Чехов ногой, обутой в турецкую остроносую туфлю, брезгливо отодвинул газету, прошёл к письменному столу. Открыл медную крышку чернильницы и, обмакнув перо, на мгновение замер, раздумывая.
— Впрочем, нет, судари мои, — отложил ручку, — никакой полемики не будет. Много чести.
Антон Павлович откинулся на спинку стула, и, сняв пенсне, подслеповато прищурился на корешки книг в шкафу.
— Кстати, — усмехнулся он, — а как должно поступать в подобном случае русскому писателю? Естественнее всего отправиться в редакцию и закатить скандал. Или выпить водки? Выпить водки и затеять ссору. Может быть, даже учинить лёгкую потасовку.
Чехов, улыбаясь, заложил руки за голову.
— А это, кстати, неплохой сюжет, — пробормотал Антон Павлович. — Некий уездный автор относит в редакцию...
Звяканье дверного колокольчика заставило его вздрогнуть.
— Иду, иду, — послышался с кухни голос горничной.
Однако звон не прекратился и, в какой-то момент, невидимый гость, видимо, оборвав шнурок колокольчика, принялся колотить в дверь руками и ногами.
— Не приведи господь, пожар, — запричитала горничная, возясь с замком.
Наконец дверь открылась и в прихожую ворвалась Ольга Леонардовна Книппер. В распахнутой шубке, шапка сбилась на бок, волосы растрёпаны. Увидев Чехова, слабо вскрикнула и, прижав руки к груди, начала медленно сползать по стене.
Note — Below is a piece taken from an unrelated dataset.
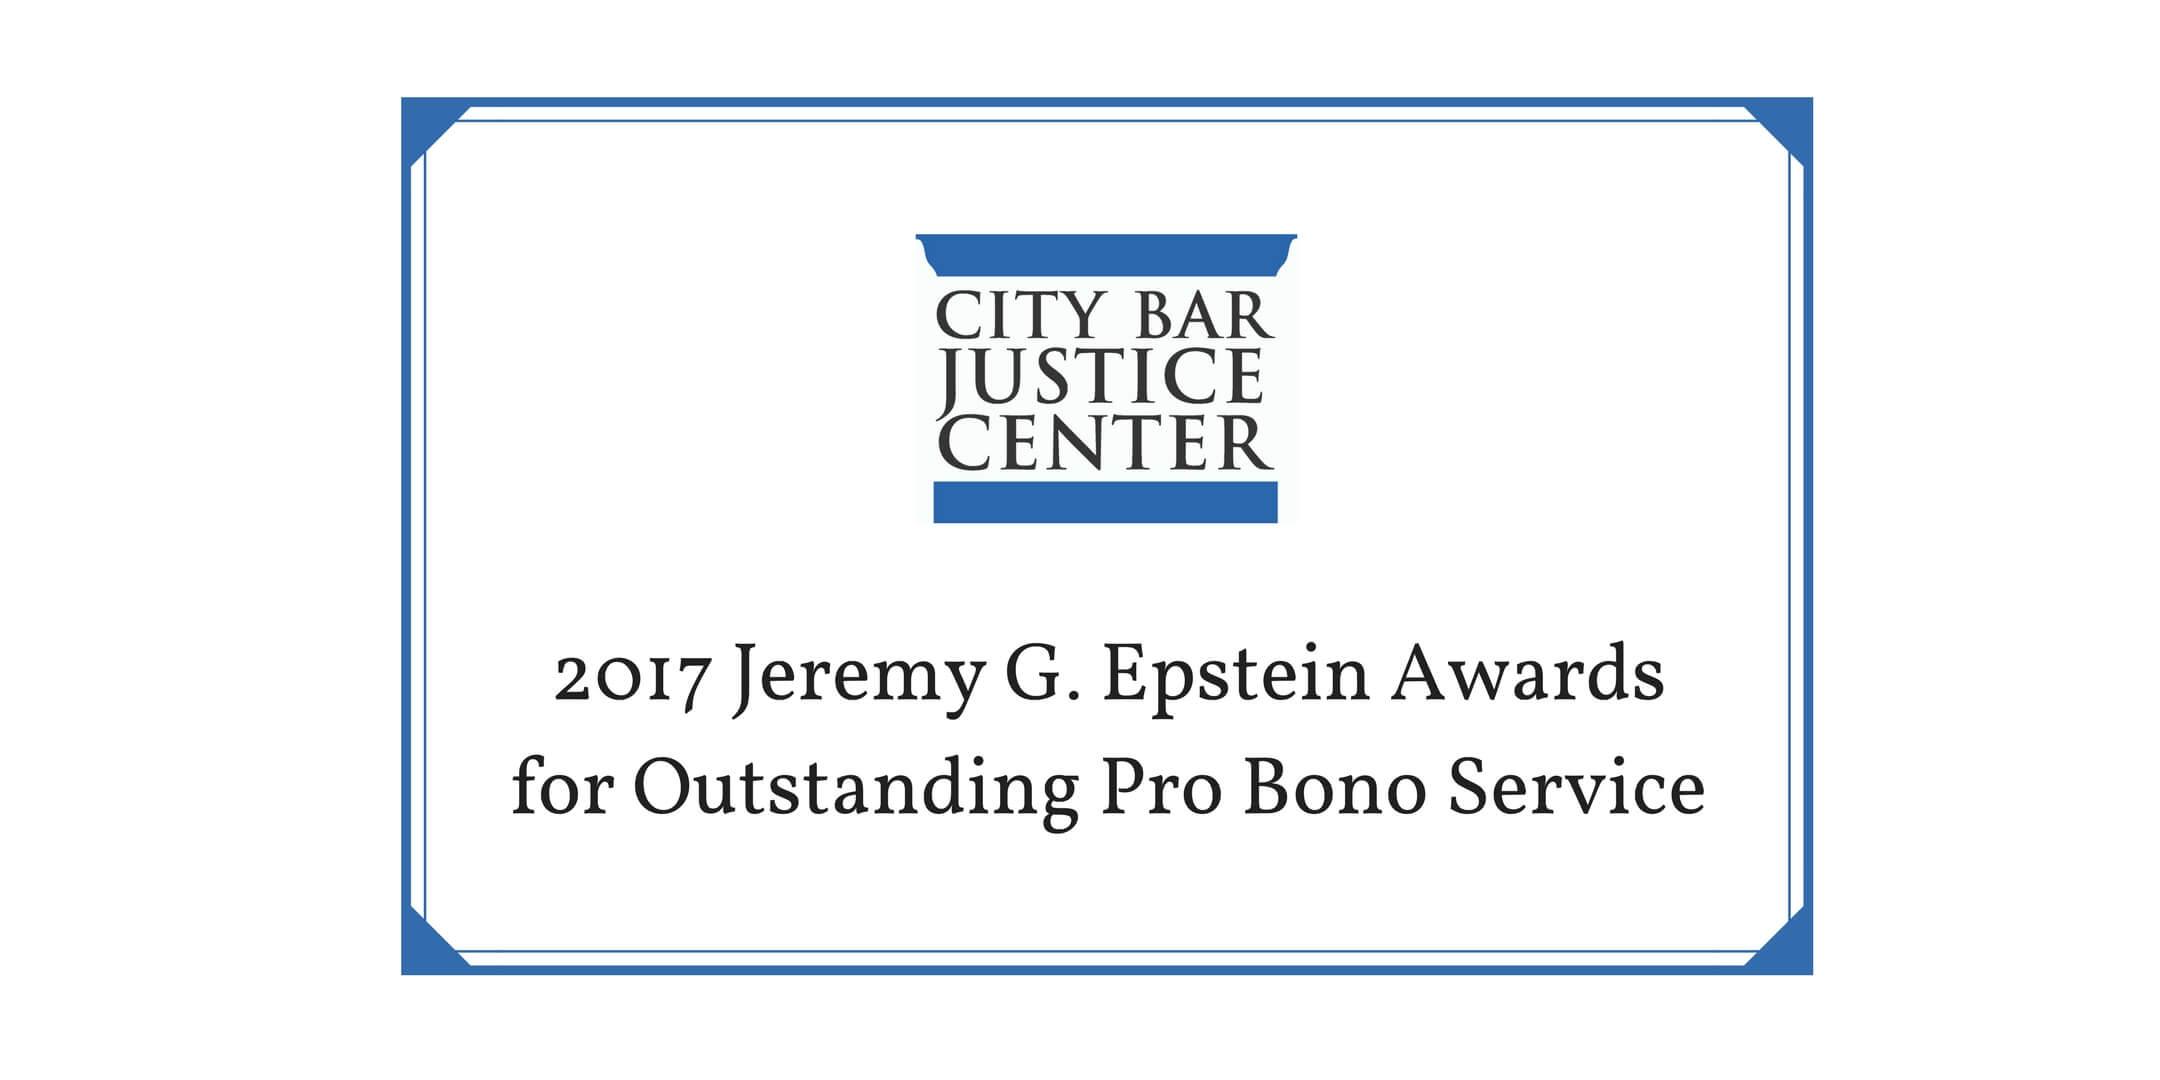 2017 Jeremy G. Epstein Awards

— Ольга! — бросился к ней Чехов. — Что стряслось? Да не молчите же. Что с вами?
— Бегите, — прошептала Ольга Леонардовна. — Бегите, дорогой мой. Они уже близко.
— Кто близко? Глаша, — повернулся Антон Павлович к горничной, — в кабинете флакон с нюхательной солью. Неси скорее.
— Не надо соли! — очнулась гостья. Проворно вскочив на ноги, она затащила в квартиру мешок и, бросив к ногам Чехова, скомандовала, — Переодевайтесь.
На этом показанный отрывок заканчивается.